* _Data excerpt_:
________________

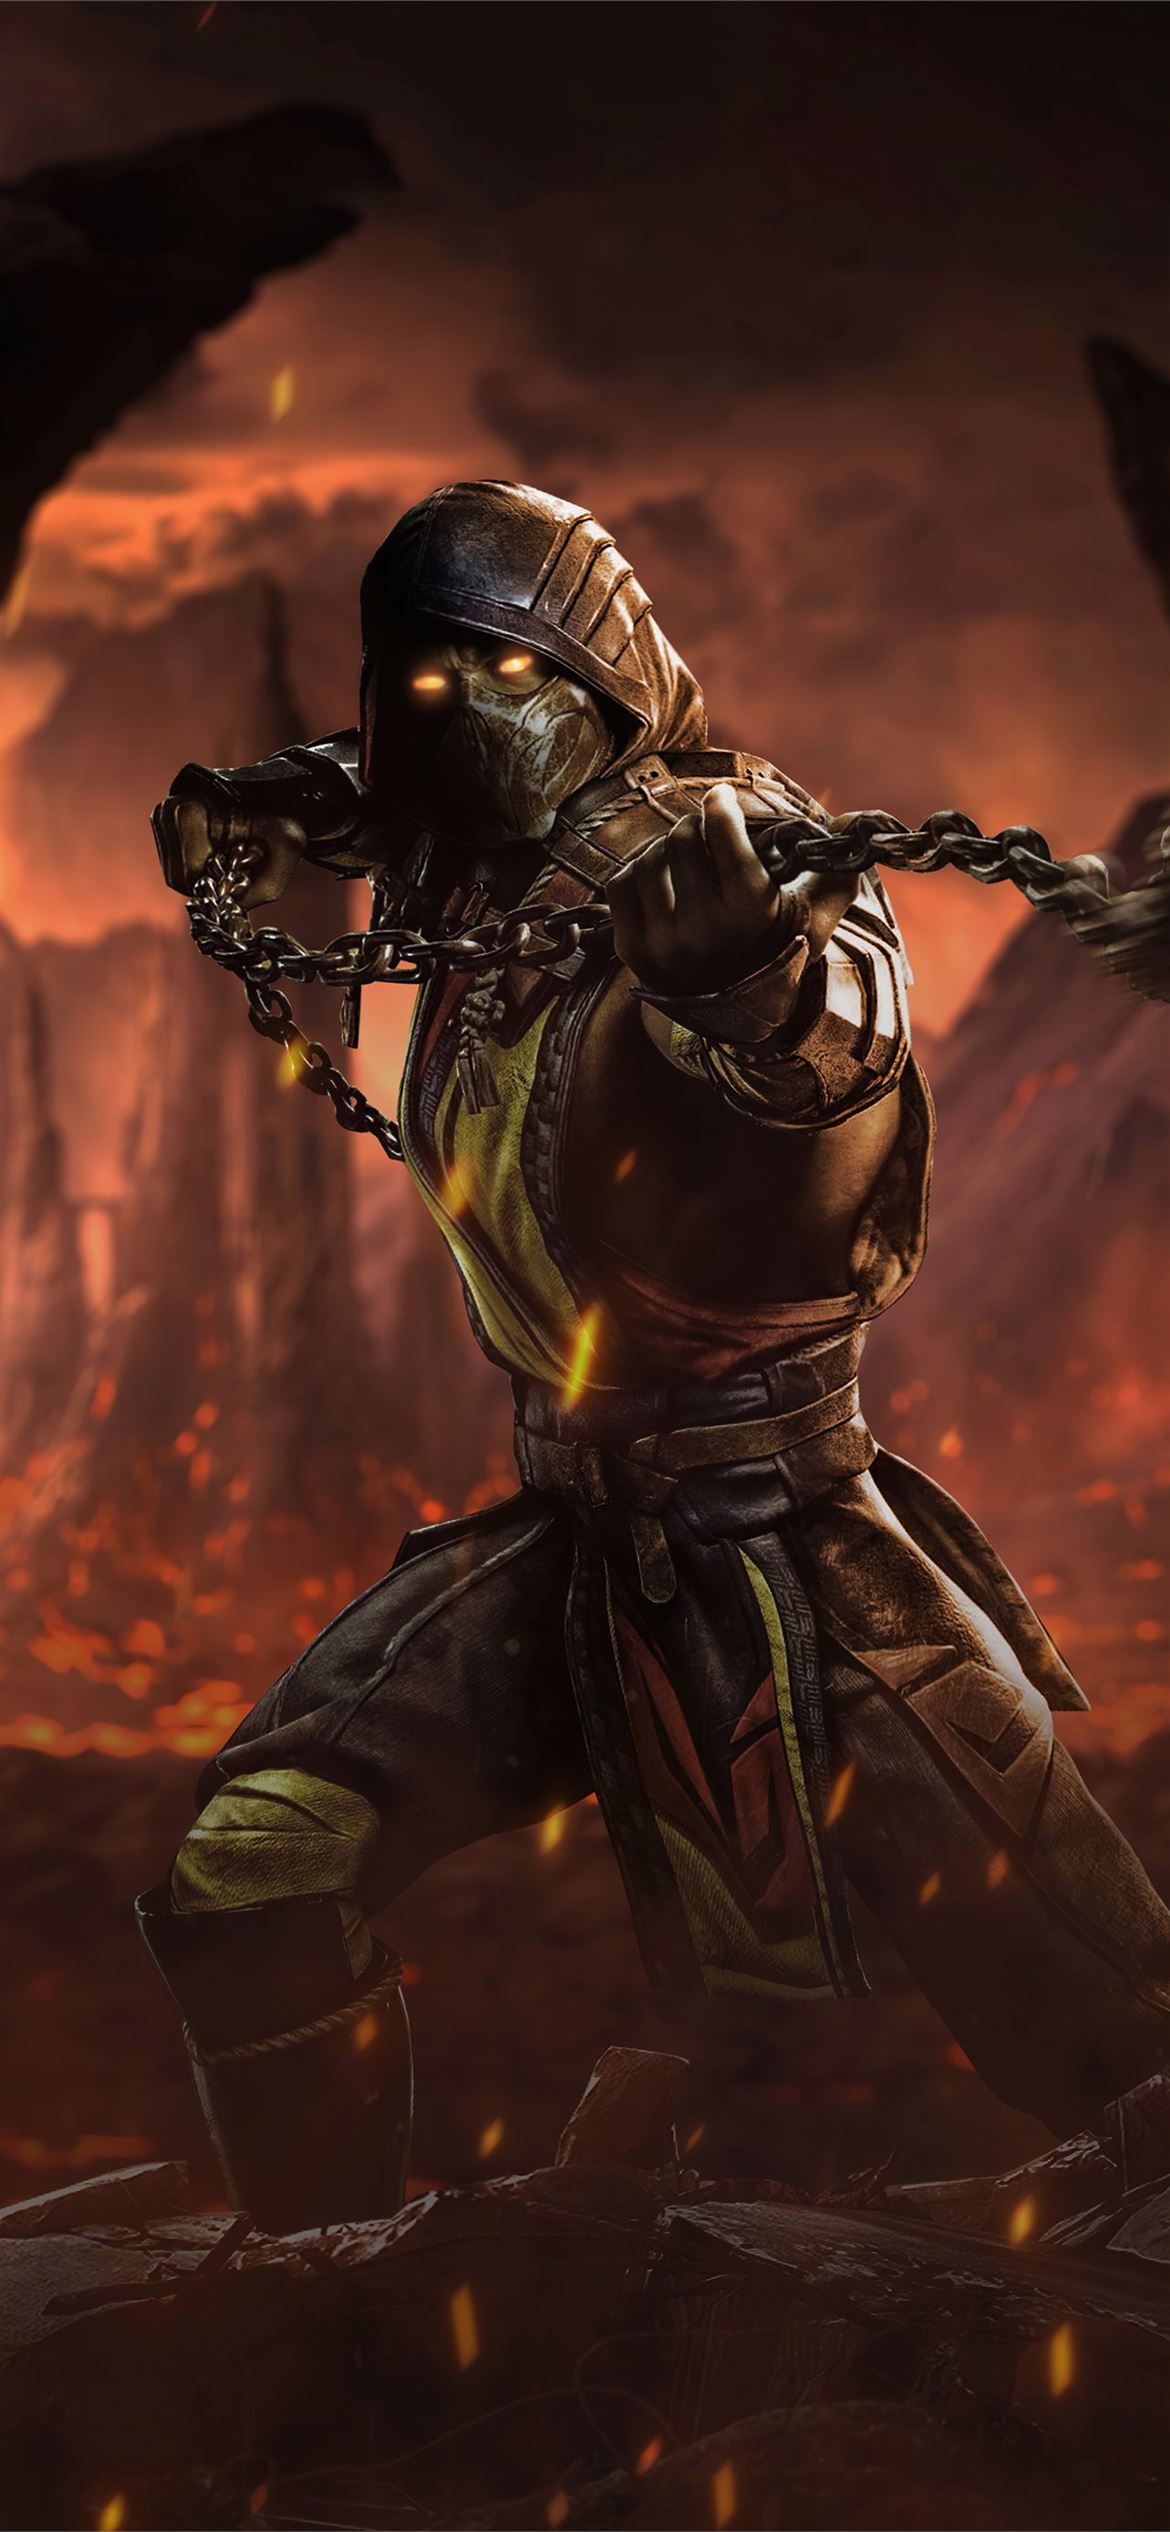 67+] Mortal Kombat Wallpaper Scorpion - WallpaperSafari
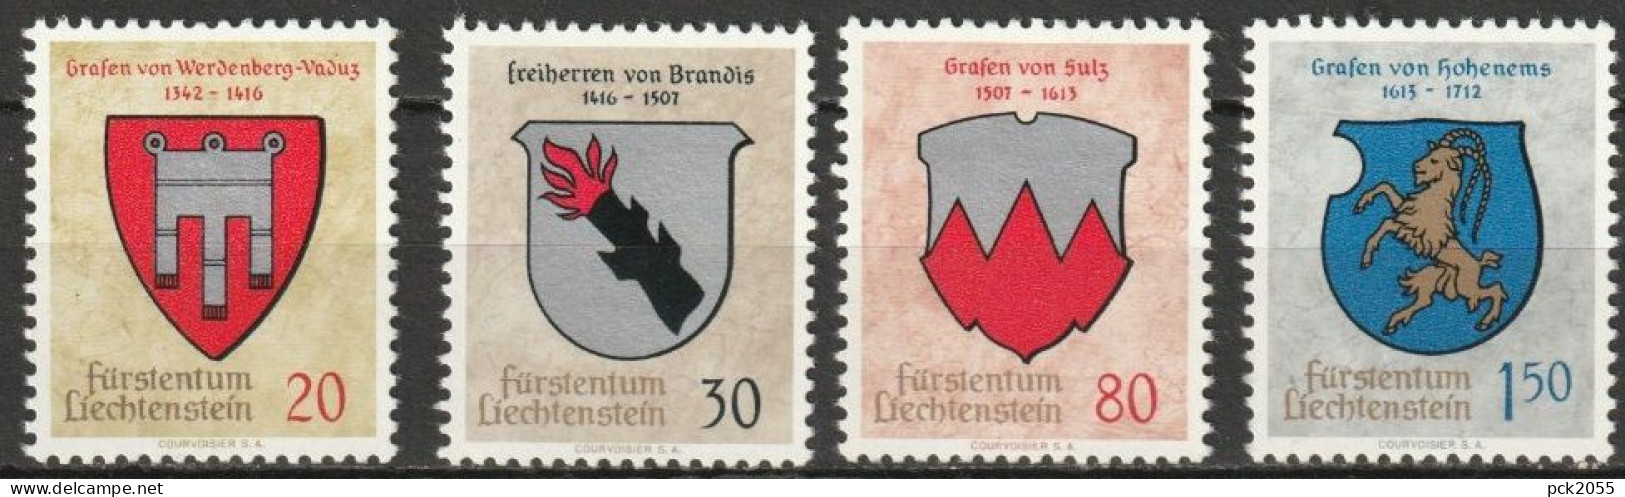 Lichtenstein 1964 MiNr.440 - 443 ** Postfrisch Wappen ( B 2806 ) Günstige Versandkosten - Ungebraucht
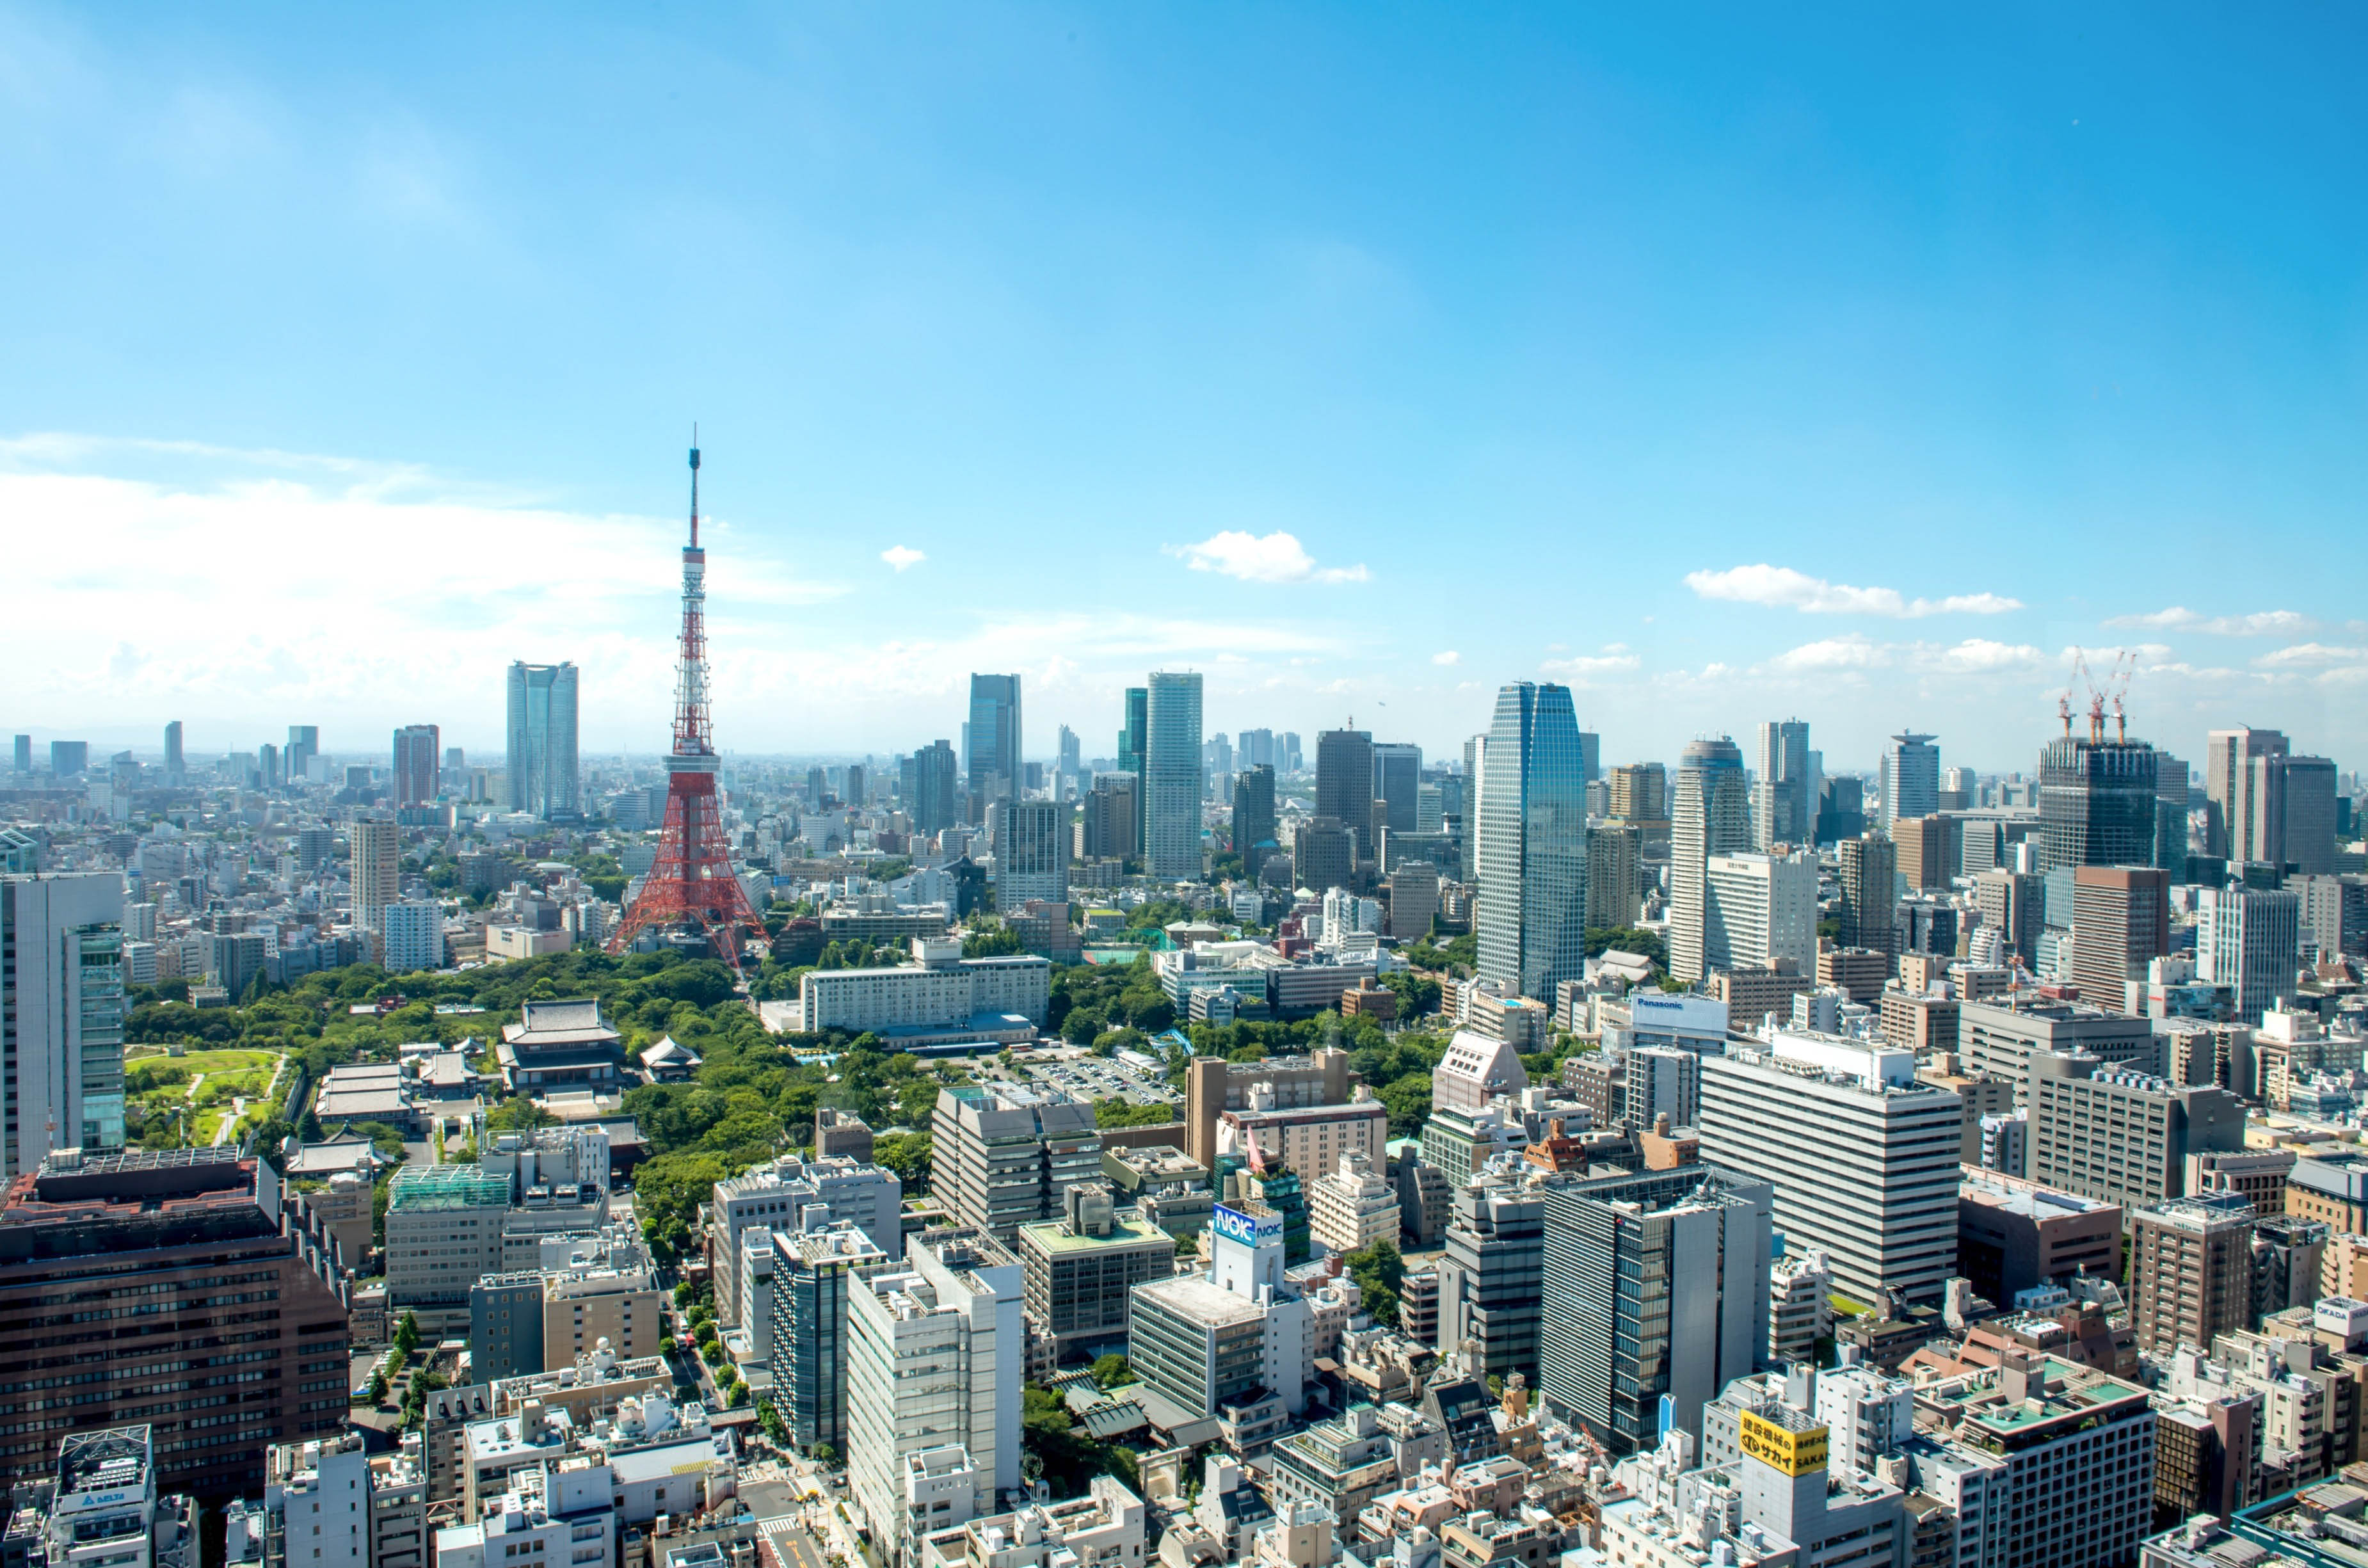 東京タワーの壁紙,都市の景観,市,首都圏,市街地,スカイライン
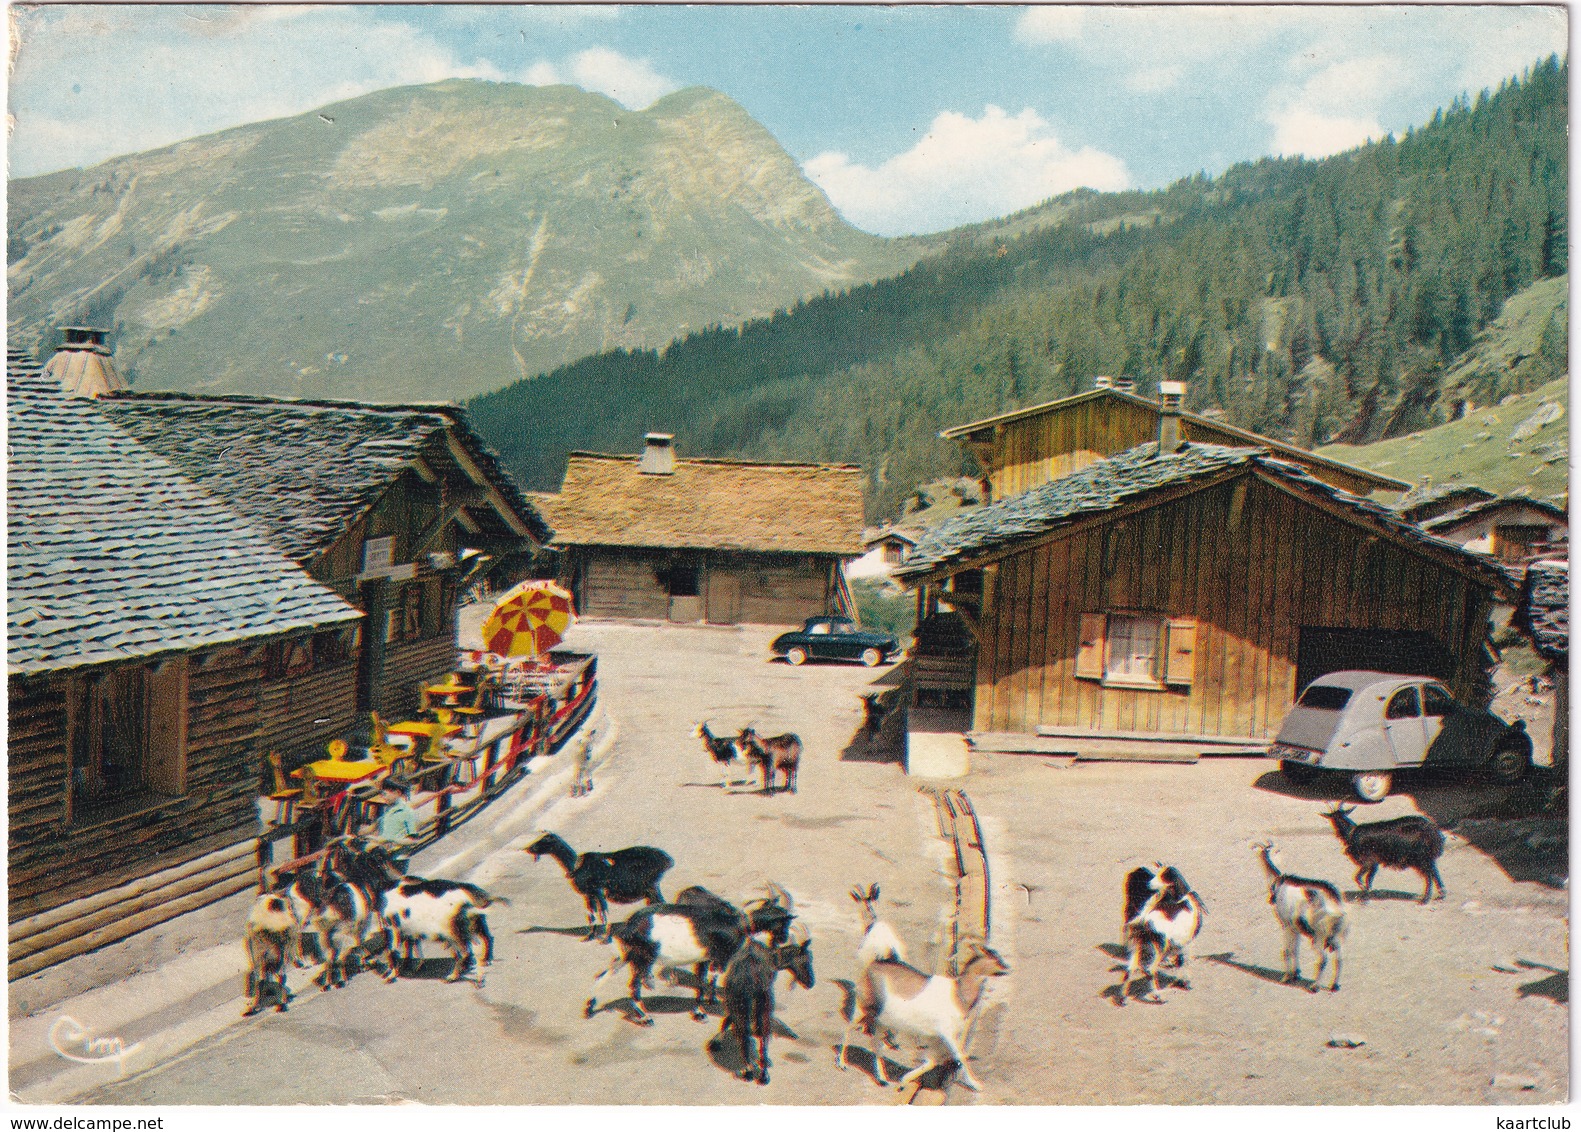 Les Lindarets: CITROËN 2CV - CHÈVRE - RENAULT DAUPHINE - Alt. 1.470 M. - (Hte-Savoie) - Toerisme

________________

* _Task statement_:
Please take the lines from the beginning of the data above through the line holding "東京タワーの壁紙,都市の景観,市,首都圏,市街地,スカイライン" and transcribe them exactly, without any pictures.

* _Answer box_:
 67+] Mortal Kombat Wallpaper Scorpion - WallpaperSafari
 Lichtenstein 1964 MiNr.440 - 443 ** Postfrisch Wappen ( B 2806 ) Günstige Versandkosten - Ungebraucht
 東京タワーの壁紙,都市の景観,市,首都圏,市街地,スカイライン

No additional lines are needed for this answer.